Non-goal (by design): PyCauset does not support complex permutations of non-float dtypes (complex int* / complex bit).

Rationale: in practical workloads, complex-valued linear algebra (eigen/spectral analysis, stable solvers, phase-sensitive kernels) inevitably requires floating-point compute and typically relies on established float/complex-float backends (BLAS/cuBLAS). Supporting complex ints/bits would add significant surface area (promotion, overflow rules, kernels, tests) without enabling meaningful acceleration or common workflows.

Implementation note (small but important): the framework treats these complex permutations as part of the dtype system (i.e. they “exist” conceptually), but they are not yet wired end-to-end in the codebase.

How float works (must be explicit)

  • float means float64 (storage and compute unless an op’s policy explicitly differs).
  • float32 is the explicit smaller float storage/compute dtype.
  • Mixed-float behavior is underpromotion by default: e.g. float32 + float64 operations select float32 unless an op’s promotion policy says otherwise (warnings may apply).

Float16/ComplexFloat16 execution note (scope + expectations)

  • float16 and complex_float16 are first-class storage dtypes.
  • On CPU, it is acceptable (and currently implemented in some ops) to upcast internally for compute (e.g., accumulate in float32 / complex) and then store back to float16/complex_float16.
  • CPU BLAS acceleration is not expected for float16; treat float16 primarily as a storage/bandwidth dtype on CPU unless/until a dedicated backend exists.
  • SRP requirement: when an op upcasts internally, that must be explicit in the op’s contract/support status (so users understand precision/perf tradeoffs).

1.2 Core scalar model + C++ DataType snapshot

PyCauset’s scalar system is best understood as a base dtype plus a small set of orthogonal flags.

  • Base kind: bit | int | float
  • Base widths: 1 for bit; 16/32/64 (and others as added) for int/float
  • Flags: complex (and later unsigned for integers)

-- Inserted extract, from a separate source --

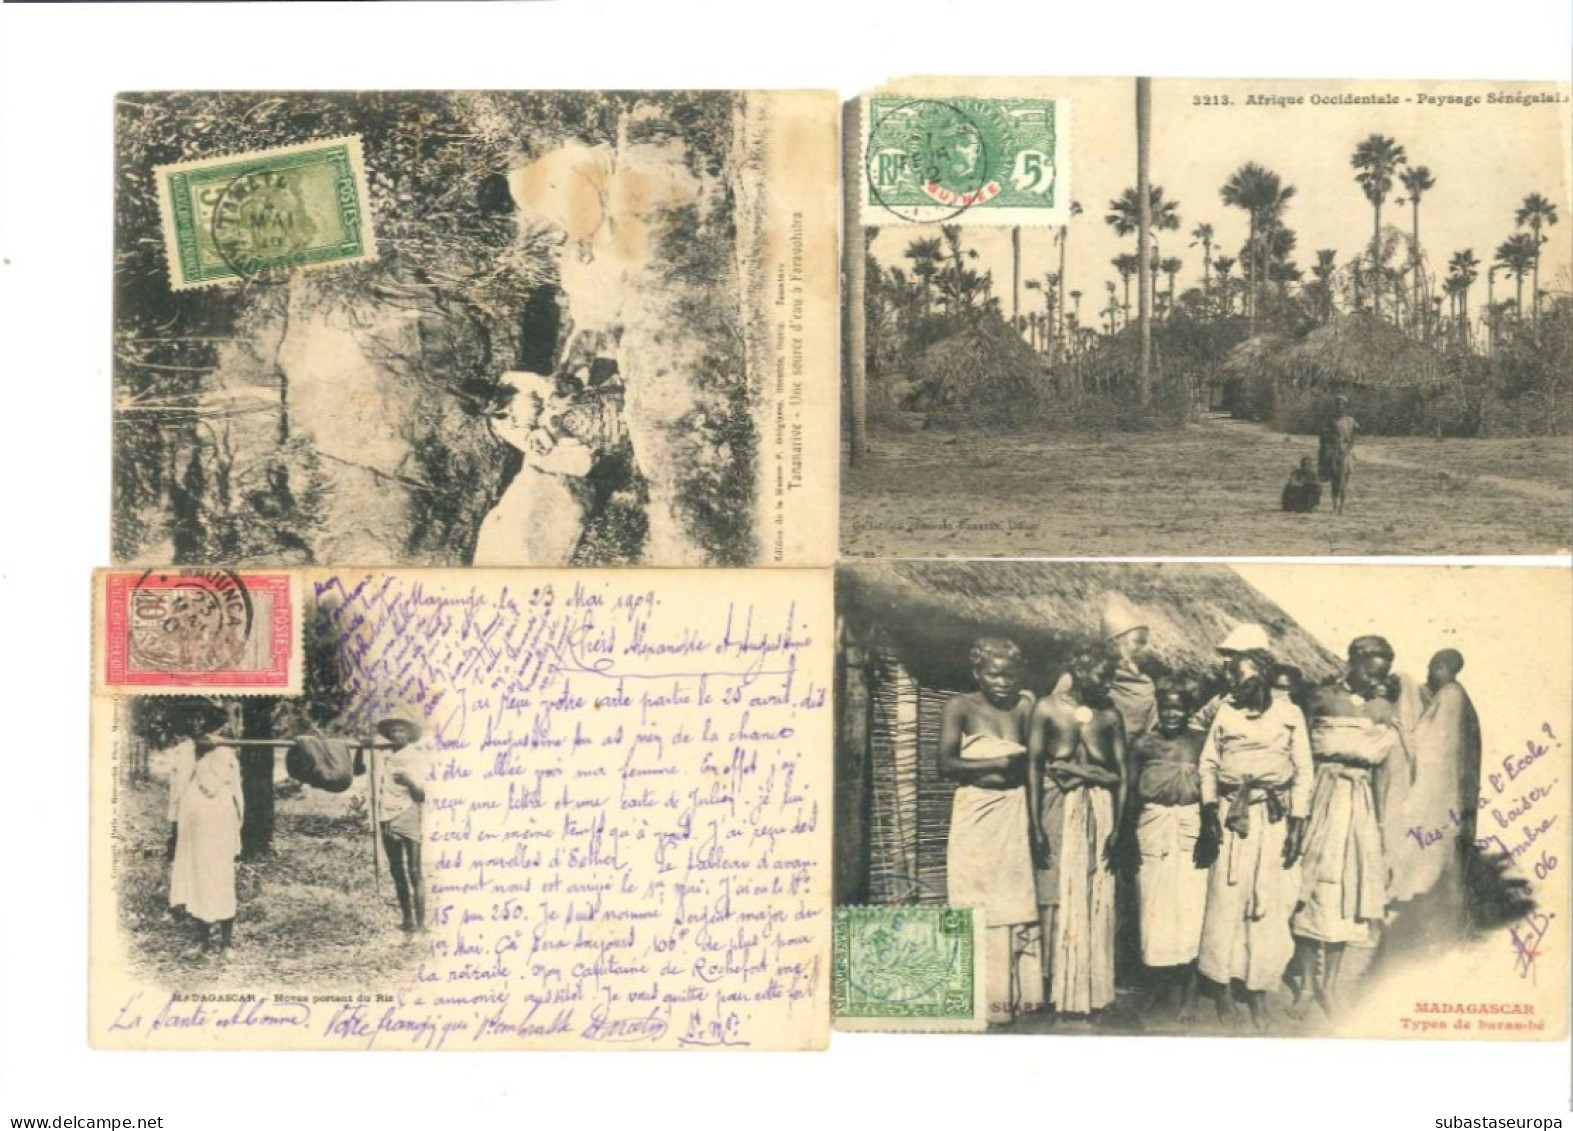 Lot de 24 cartes postales d'époque coloniale. Entre les années 1904 et 1939. Très jolies.

Under this model, complex_float64 is “float64 + {complex}”, and similarly for other float base dtypes.

C++ implementation snapshot

Authoritative source: include/pycauset/core/Types.hpp.

  • BIT
  • INT16
  • INT32
  • FLOAT16
  • FLOAT32
  • FLOAT64

Policy: If a dtype exists in DataType, it must have an explicit status in this framework: - Public (reachable via Python factories), or - Internal-only (reachable only via internal constructors/bindings), or - Planned (declared but intentionally not wired end-to-end yet).

Complex representation rule: complex is a flag/permutation over float base dtypes. Storage strategies:

  • Complex floats (complex float32/float64) should use true complex numeric storage where possible (BLAS/cuBLAS path).
  • Complex float16 is first-class for storage/bandwidth wins at very large scale; solvers may upcast internally (e.g., compute in float32) where required for stability.

Reference implementation plan: documentation/internals/DTYPE_COMPLEX_OVERFLOW_PLAN.md.


2) Canonical operation inventory

2.1 Frontend (LinearAlgebra) operations

Authoritative sources: - include/pycauset/math/LinearAlgebra.hpp - src/math/LinearAlgebra.cpp

Matrix × Matrix - add(a, b) - subtract(a, b) - elementwise_multiply(a, b) - elementwise_divide(a, b) - dispatch_matmul(a, b) (matmul)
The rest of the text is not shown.